Sultan identified one of his torturers as an officer called Salem al-Shiryani, who threatened to torture him until he became infertile, and who ordered a number of soldiers to use various methods of torture. Although he was ultimately acquitted in court, Sultan says he was handed over to Public Prosecutor Issa al-Zakwani, who in turn handed him over to Forensic Medicine in Muscat to examine him for signs of torture. According to Sultan, the medical examination found he had suffered bleeding in various parts of his body as a result of electrocution. He was denied a copy of the medical report, and told that he could only read the copy placed in front of him.

Sultan added that after being acquitted by the court he had brought his own case against those who had tortured him, which was forwarded to the Inspector-General of Police and Customs, Hassan al-Shraiqi. Although the message was received in 2017, nothing further has been done about it since that time, Sultan alleged. In 2018, he continued, he went with his mother to one of the late Sultan Qaboos’s palaces, Hisn al-Shomoukh, and met one of the Sultan’s personal bodyguards. This man in turn assured him that the matter would be investigated and justice would be done, but again nothing happened.

Sultan explained that the reason he had come out in public with his story was that he had failed to get any response from the authorities and was afraid of being tortured again, because he kept getting phone calls from the security services asking him to present himself for questioning. According to Sultan, he was arrested because he owned a foodstuffs company that used to import goods from the UAE and sell them on the local market; his business had been quite successful and expanded to various cities. The arrest, he said, took place after he was accused of stealing from a warehouse, which he denied. He claimed that when he was referred a few days later to the Public Prosecution, and confronted by the Public Prosecutor with a series of confessions, he informed the investigators that he had been coerced under torture into confessing to something he had not done.

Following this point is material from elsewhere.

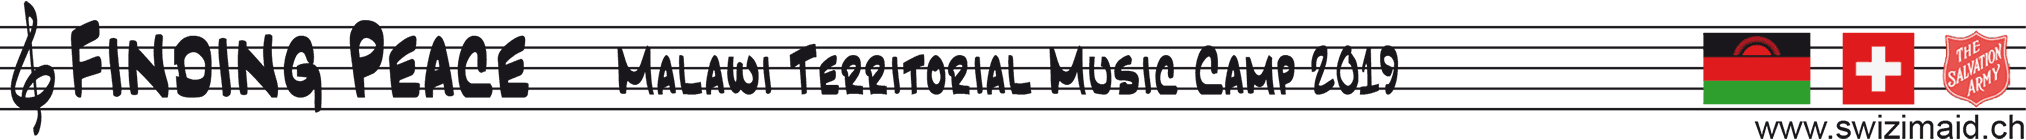 Malawi Territorial Music Camp 2019 Logo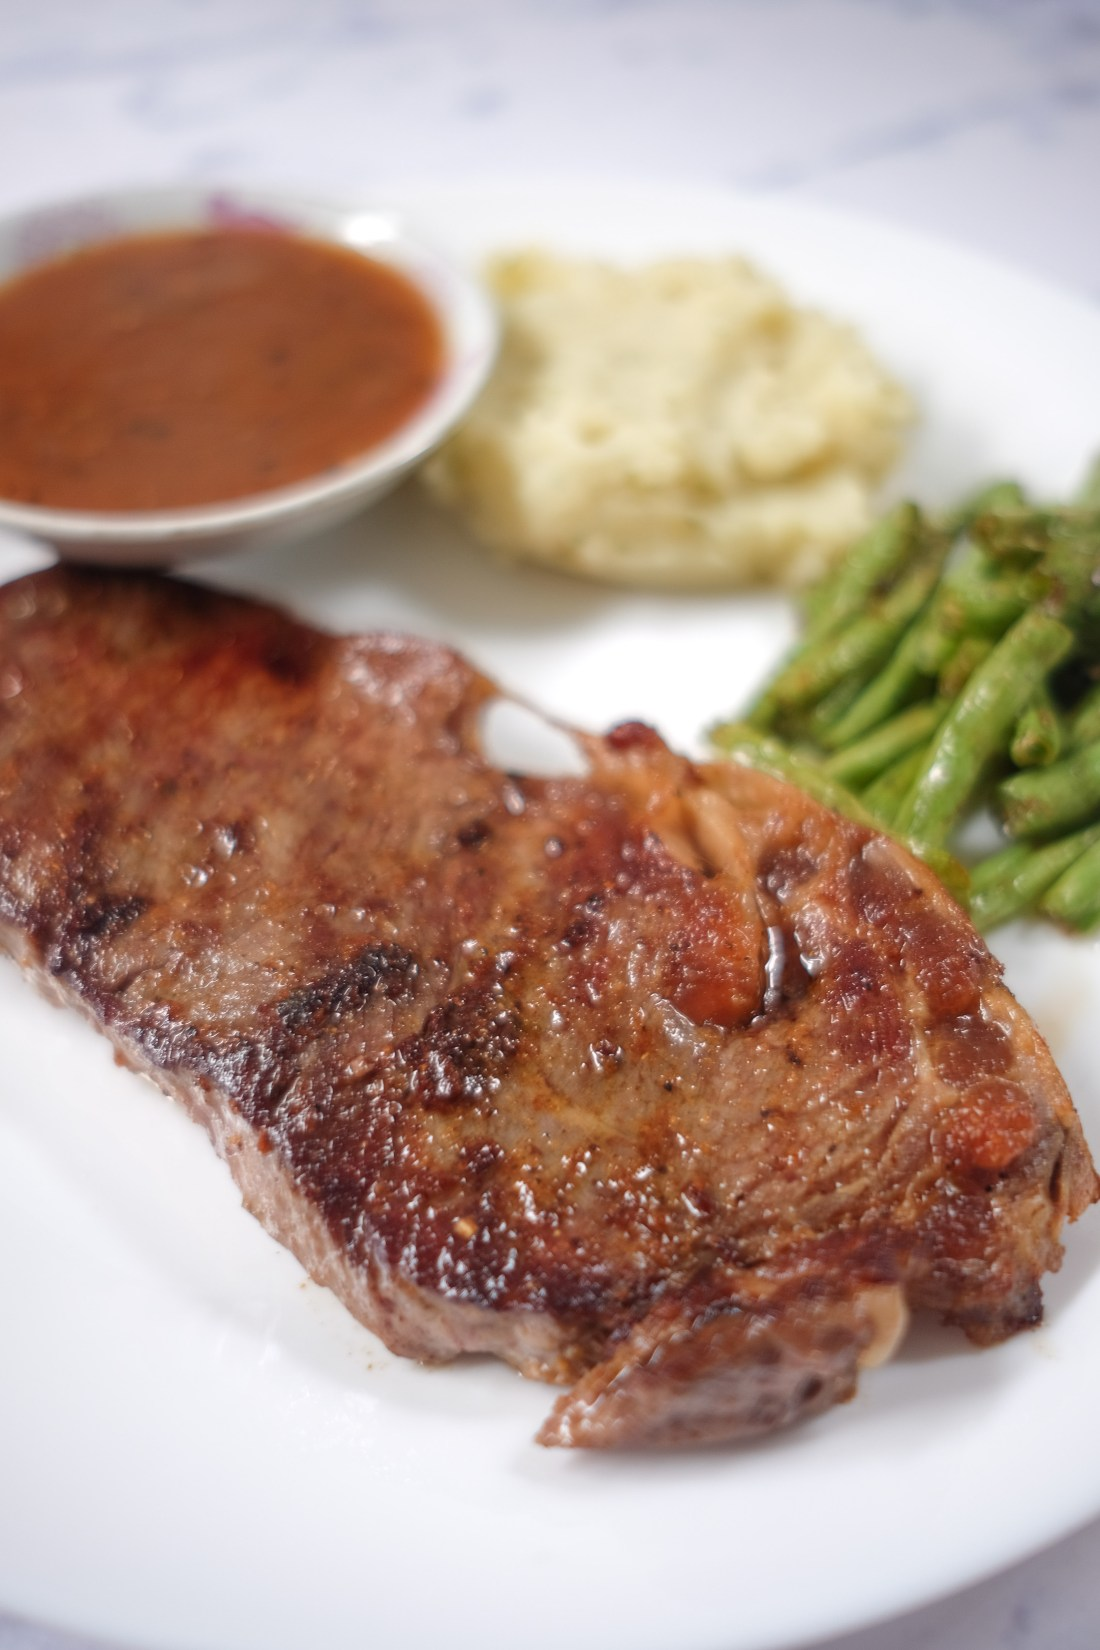 Steak at Home

In 2020 Oman signed the international Convention against Torture and Other Cruel, Inhuman or Degrading Treatment or Punishment. Article 25 of the Sultanate’s own constitution, the Basic Law of the State, also prohibits any torture, mental or physical, being carried out on any citizen. However, the history of both psychological and physical torture in Oman goes back a long way, and since 2011 many prisoners of conscience have described being subjected to various forms of psychological torture while being held in isolation cells.

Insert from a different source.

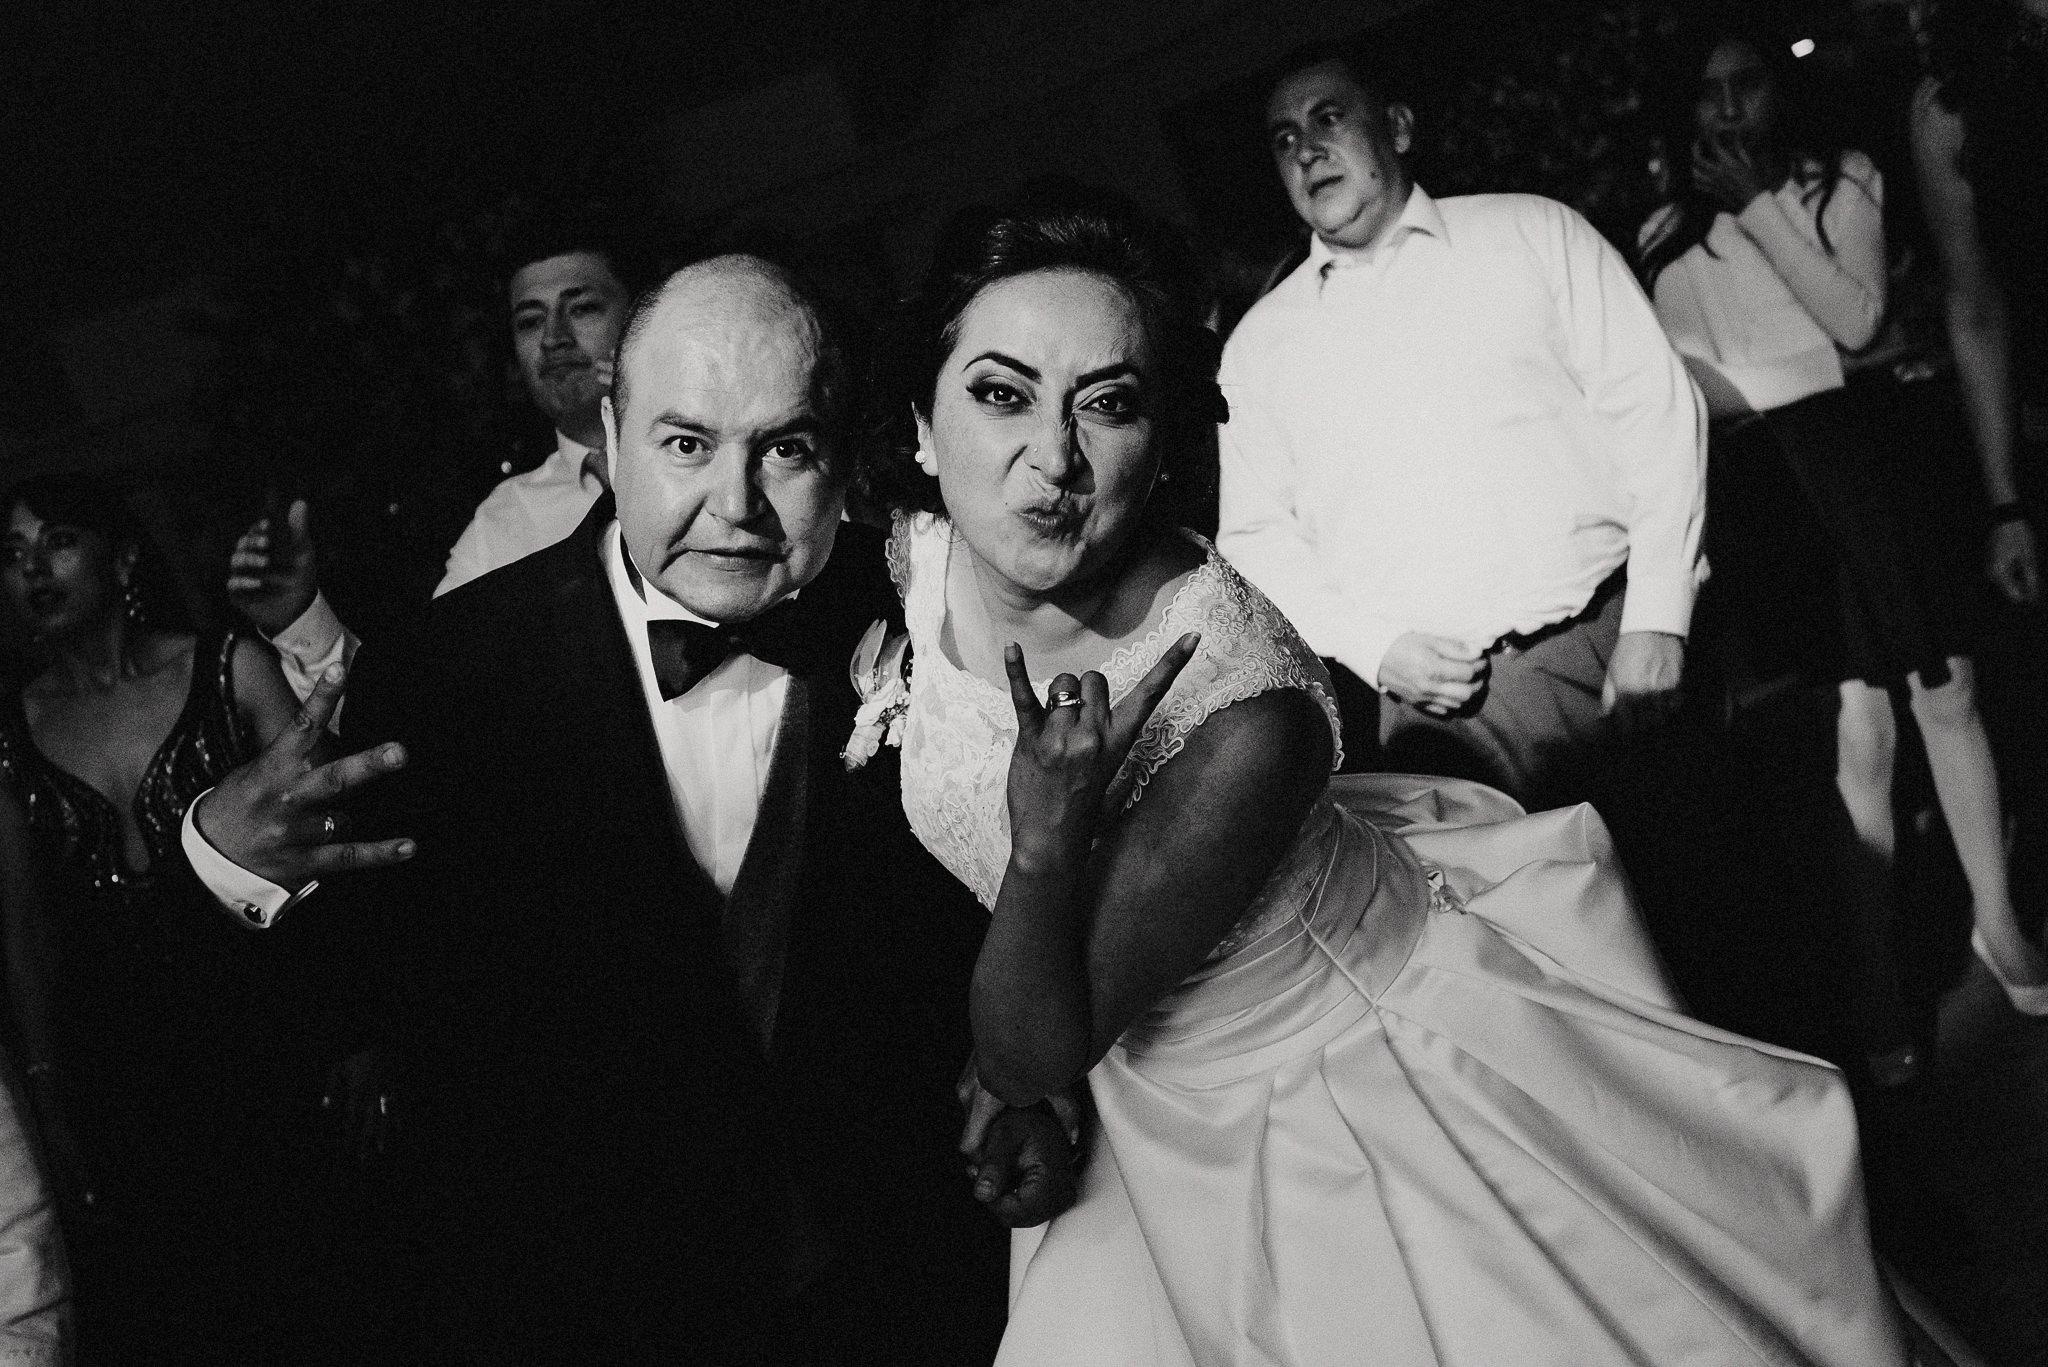 Wedding-Boda-Tulancingo-Hidalgo-Salon-Essenzia-Luis-Houdin-82-film

The Royal Oman Police have now announced that they will follow up Sultan’s case – though they also insist that the case he is talking about “took place according to legal procedures and took its course through the judicial system” – and have promised to take the necessary measures to bring the facts to light.

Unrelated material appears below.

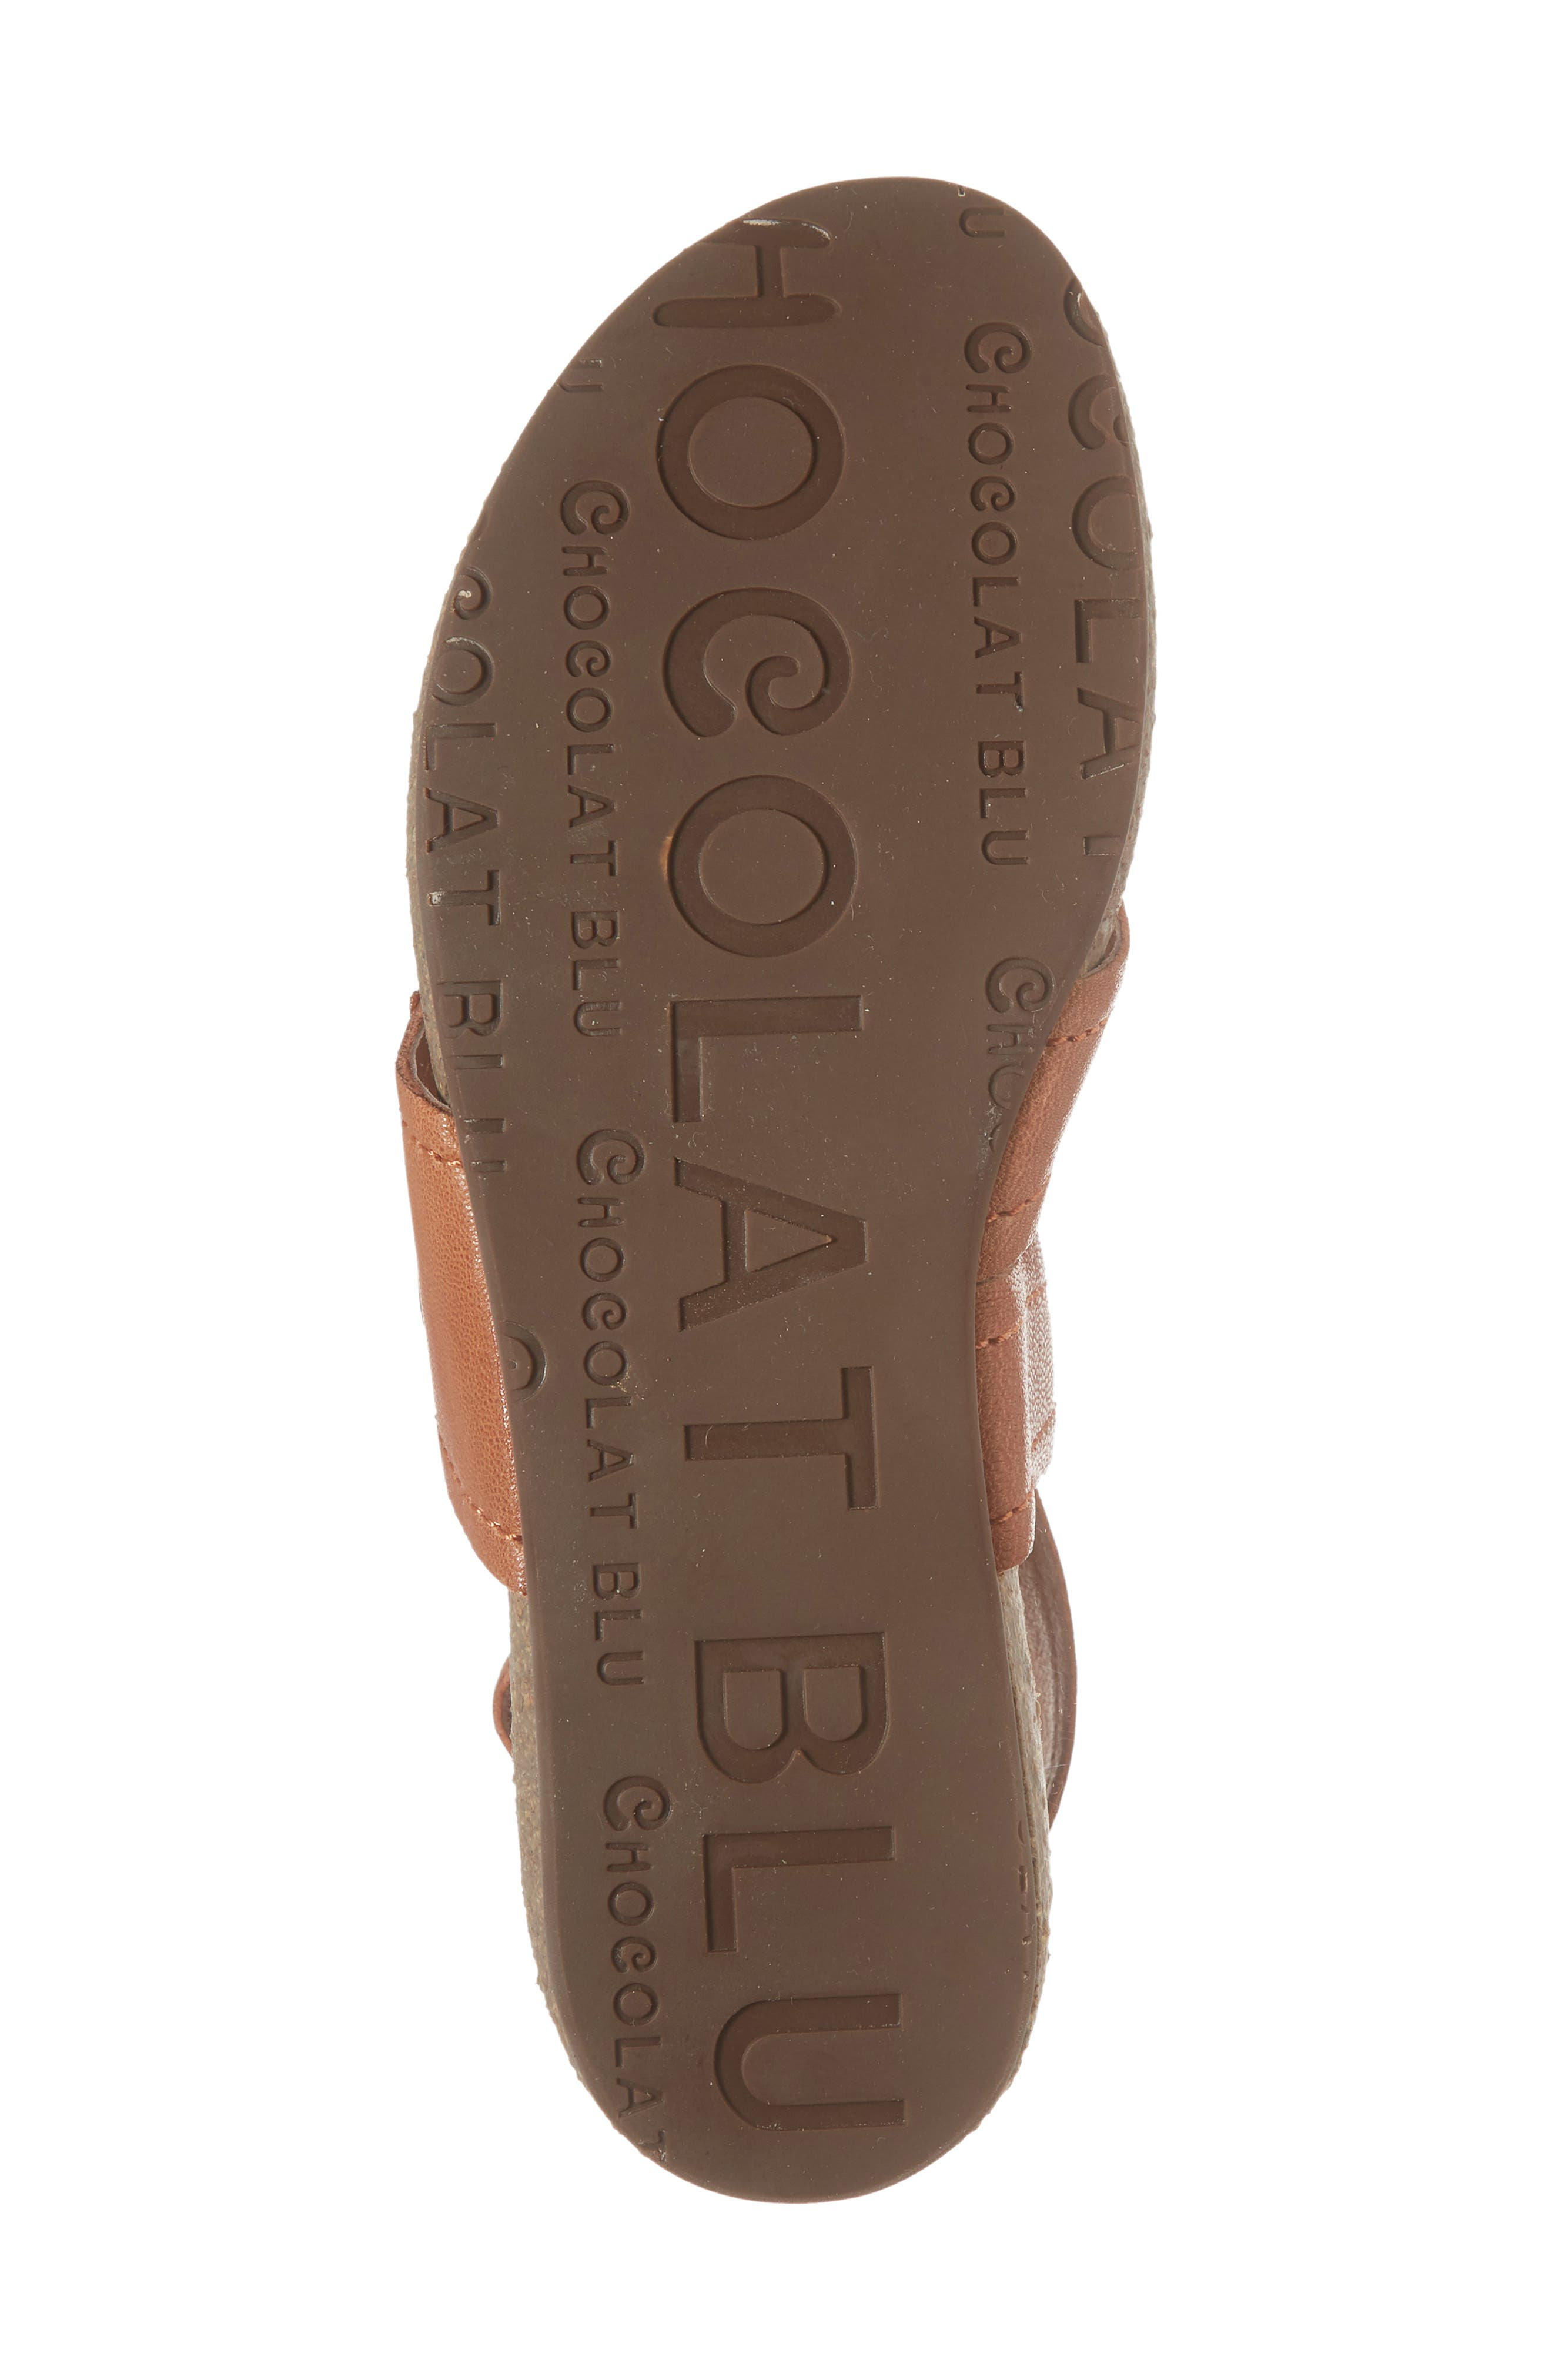 Yagger Sandal,                             Alternate thumbnail 6, color,                             Camel Leather

The Omani Centre for Human Rights urges the security authorities in Oman to respect the physical and mental integrity of individuals and not subject them to any form of torture, physical or psychological. The Centre also urges that all those involved in cases of torture should be held to account, and calls for laws to be passed establishing a mechanism for making those involved in torture accountable. It stresses, furthermore, the vital importance of creating a mechanism to enable impartial bodies to monitor the work of the Internal Security Service, or similar arrangements, and if need be hold them to account.